Counterfeit bills are manufactured imprecisely. Genuine bills are printed by machines with tight tolerances. The geometric differences, especially in margins, are large enough relative to measurement noise that even simple models draw a clean boundary.
Is 100% accuracy realistic in production?
No. This is a curated dataset where every sample has clean measurements. Real counterfeits in the wild have missing data, novel variations, and measurements taken under different conditions. Treat the 100% as an upper bound, not a guarantee.
Should I use the neural network or logistic regression?

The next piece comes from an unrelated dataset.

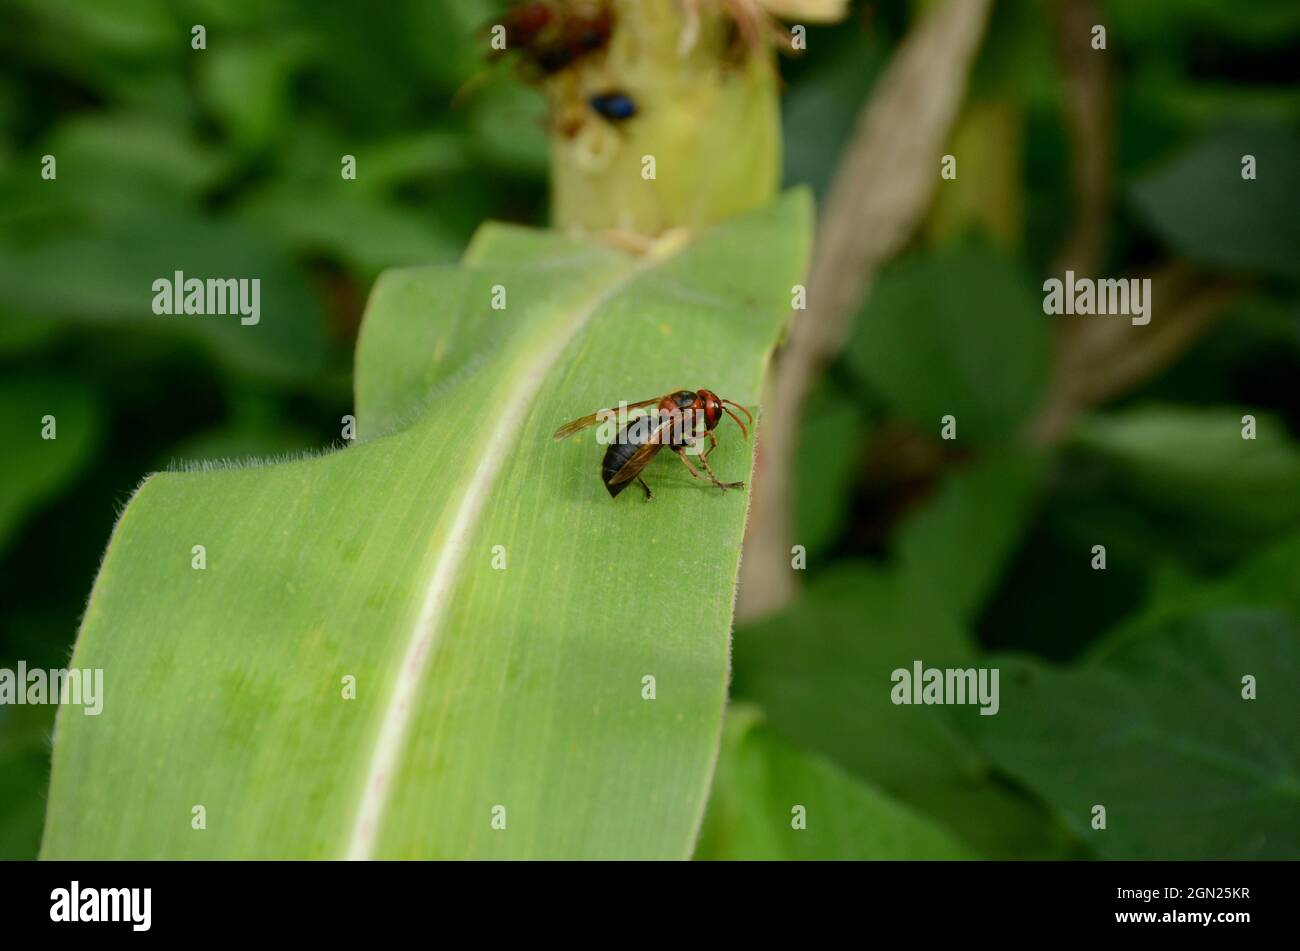 Nahaufnahme der orangefarbenen schwarzen Ameise Insekt halten auf Maiskolben Pflanzenblatt über unscharf grün braunen Hintergrund. Stockfoto

Logistic regression. It is simpler, faster, interpretable, and achieves the same accuracy. The neural network only matters if your data is messy enough that linear methods fail.
Why does the original neural network code fail?
Two reasons. First, MSE loss for binary classification produces wrong gradients. Binary crossentropy is the correct choice. Second, unscaled features cause the sigmoid activation to saturate, collapsing predictions toward one class. Both are fixable. The corrected version above shows the right approach.
What would make this harder?
Adding noisy measurements, mixing bill denominations, or introducing counterfeits that mimic the geometry more carefully would all break perfect classification. That is where ensemble methods and feature engineering matter.